* **Work to be completed**
Give back exactly the stretch of data below from the line holding "Superficie de madera, el" through the line holding "Roleta no SportingBet Casino", both ends included, and leave the remaining lines out.
[Opening Input material section]
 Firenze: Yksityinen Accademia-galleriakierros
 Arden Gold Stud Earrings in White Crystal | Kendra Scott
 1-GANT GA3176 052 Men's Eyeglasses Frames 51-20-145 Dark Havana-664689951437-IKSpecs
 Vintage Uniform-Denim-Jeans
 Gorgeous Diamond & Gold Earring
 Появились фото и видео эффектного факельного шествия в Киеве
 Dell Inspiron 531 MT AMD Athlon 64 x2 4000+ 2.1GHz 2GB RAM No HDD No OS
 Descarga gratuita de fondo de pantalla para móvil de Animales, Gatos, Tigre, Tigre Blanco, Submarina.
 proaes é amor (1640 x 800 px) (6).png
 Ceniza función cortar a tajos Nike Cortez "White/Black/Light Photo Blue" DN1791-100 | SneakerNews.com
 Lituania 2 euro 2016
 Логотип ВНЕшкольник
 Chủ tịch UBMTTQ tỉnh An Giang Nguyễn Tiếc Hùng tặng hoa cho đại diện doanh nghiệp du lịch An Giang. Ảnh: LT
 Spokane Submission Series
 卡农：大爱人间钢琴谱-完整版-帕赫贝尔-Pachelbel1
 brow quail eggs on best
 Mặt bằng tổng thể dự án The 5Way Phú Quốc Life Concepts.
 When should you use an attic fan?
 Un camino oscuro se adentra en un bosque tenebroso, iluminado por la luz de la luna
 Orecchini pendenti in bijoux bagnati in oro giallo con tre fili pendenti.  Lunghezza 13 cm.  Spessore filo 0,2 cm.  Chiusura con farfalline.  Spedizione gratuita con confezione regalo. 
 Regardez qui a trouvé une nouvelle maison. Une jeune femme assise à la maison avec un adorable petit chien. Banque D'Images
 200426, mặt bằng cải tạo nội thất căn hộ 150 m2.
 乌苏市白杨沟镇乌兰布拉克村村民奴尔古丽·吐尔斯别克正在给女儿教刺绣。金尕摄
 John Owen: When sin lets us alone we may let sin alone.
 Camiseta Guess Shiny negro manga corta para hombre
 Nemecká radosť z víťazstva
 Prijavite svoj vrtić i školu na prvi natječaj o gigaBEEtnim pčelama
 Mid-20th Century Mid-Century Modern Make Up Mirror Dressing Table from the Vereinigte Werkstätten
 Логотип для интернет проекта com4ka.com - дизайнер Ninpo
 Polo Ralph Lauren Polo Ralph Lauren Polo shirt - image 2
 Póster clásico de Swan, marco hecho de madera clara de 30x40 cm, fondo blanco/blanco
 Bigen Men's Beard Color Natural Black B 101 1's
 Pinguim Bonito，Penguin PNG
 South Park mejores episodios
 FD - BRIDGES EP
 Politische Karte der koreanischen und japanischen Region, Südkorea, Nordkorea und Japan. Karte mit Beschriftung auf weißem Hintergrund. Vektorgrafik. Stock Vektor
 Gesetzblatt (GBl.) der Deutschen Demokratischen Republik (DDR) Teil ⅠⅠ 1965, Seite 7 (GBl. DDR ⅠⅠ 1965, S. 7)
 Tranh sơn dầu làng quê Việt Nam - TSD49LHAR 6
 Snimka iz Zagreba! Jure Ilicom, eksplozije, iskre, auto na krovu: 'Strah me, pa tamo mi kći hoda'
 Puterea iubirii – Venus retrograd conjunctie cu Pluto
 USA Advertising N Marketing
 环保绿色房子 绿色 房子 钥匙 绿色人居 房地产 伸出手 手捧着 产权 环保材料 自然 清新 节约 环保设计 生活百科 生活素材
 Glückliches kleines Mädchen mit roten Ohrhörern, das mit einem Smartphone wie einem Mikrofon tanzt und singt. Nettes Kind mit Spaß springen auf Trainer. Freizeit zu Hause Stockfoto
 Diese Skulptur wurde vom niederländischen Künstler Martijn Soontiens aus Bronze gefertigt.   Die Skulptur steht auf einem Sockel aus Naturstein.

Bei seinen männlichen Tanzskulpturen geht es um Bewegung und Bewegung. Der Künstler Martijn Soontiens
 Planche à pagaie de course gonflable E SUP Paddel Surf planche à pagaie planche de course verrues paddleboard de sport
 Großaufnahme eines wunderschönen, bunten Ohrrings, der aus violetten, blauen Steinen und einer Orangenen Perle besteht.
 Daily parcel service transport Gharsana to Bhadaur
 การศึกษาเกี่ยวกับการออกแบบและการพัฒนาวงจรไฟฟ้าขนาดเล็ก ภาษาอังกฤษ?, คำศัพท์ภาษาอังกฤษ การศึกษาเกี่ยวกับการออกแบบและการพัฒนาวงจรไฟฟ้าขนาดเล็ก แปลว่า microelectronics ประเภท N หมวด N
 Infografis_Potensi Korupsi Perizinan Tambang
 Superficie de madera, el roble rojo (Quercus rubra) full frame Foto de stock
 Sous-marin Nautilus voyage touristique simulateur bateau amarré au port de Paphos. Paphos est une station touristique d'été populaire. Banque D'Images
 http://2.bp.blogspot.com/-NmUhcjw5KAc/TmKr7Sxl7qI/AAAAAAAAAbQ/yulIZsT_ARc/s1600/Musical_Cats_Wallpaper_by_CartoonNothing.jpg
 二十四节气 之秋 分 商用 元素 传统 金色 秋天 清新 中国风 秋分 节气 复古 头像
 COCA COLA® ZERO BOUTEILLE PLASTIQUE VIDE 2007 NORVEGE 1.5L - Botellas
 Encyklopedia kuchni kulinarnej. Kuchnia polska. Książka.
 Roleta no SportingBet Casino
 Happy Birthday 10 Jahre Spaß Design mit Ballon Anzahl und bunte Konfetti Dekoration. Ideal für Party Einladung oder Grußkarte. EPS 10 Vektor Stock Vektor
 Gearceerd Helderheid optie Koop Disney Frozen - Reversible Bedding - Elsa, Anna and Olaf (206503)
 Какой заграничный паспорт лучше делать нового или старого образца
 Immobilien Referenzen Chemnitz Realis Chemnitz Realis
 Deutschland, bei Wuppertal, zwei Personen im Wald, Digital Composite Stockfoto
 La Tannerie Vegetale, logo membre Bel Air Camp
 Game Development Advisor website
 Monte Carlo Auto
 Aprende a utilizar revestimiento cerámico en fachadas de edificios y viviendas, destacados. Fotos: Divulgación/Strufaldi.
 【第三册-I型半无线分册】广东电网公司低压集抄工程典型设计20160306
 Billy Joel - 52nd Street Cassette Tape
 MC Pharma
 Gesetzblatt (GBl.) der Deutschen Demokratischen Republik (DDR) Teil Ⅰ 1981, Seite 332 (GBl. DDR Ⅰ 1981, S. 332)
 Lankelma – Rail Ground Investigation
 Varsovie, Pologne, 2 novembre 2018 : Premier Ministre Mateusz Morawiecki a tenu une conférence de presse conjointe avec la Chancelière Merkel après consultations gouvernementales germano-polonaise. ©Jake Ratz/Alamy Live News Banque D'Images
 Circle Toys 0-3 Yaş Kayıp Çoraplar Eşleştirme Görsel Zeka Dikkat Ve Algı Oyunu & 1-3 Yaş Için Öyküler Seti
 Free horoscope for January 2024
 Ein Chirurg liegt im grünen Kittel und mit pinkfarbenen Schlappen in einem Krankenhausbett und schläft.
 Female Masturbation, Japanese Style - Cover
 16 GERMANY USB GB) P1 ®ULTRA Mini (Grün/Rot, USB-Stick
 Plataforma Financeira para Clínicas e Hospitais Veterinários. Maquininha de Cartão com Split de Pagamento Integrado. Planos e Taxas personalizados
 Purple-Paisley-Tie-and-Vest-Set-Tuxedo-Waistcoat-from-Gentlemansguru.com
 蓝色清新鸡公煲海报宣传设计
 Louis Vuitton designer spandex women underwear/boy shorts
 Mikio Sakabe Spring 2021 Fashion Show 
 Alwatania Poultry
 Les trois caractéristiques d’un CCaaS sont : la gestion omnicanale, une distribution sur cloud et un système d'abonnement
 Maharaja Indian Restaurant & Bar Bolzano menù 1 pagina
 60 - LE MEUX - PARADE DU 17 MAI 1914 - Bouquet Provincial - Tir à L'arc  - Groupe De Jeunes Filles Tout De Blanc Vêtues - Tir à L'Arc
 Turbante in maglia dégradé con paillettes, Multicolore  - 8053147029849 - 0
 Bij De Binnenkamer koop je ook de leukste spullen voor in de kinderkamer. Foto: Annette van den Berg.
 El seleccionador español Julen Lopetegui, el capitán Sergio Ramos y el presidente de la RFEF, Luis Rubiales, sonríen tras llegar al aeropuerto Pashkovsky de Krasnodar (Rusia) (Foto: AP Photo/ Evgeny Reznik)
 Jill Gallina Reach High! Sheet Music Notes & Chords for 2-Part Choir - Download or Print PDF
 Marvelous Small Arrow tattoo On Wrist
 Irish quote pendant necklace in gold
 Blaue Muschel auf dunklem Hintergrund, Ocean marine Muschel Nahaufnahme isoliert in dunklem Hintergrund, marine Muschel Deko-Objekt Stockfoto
[Closing Input material section]
* **Response to the exercise**
 Superficie de madera, el roble rojo (Quercus rubra) full frame Foto de stock
 Sous-marin Nautilus voyage touristique simulateur bateau amarré au port de Paphos. Paphos est une station touristique d'été populaire. Banque D'Images
 http://2.bp.blogspot.com/-NmUhcjw5KAc/TmKr7Sxl7qI/AAAAAAAAAbQ/yulIZsT_ARc/s1600/Musical_Cats_Wallpaper_by_CartoonNothing.jpg
 二十四节气 之秋 分 商用 元素 传统 金色 秋天 清新 中国风 秋分 节气 复古 头像
 COCA COLA® ZERO BOUTEILLE PLASTIQUE VIDE 2007 NORVEGE 1.5L - Botellas
 Encyklopedia kuchni kulinarnej. Kuchnia polska. Książka.
 Roleta no SportingBet Casino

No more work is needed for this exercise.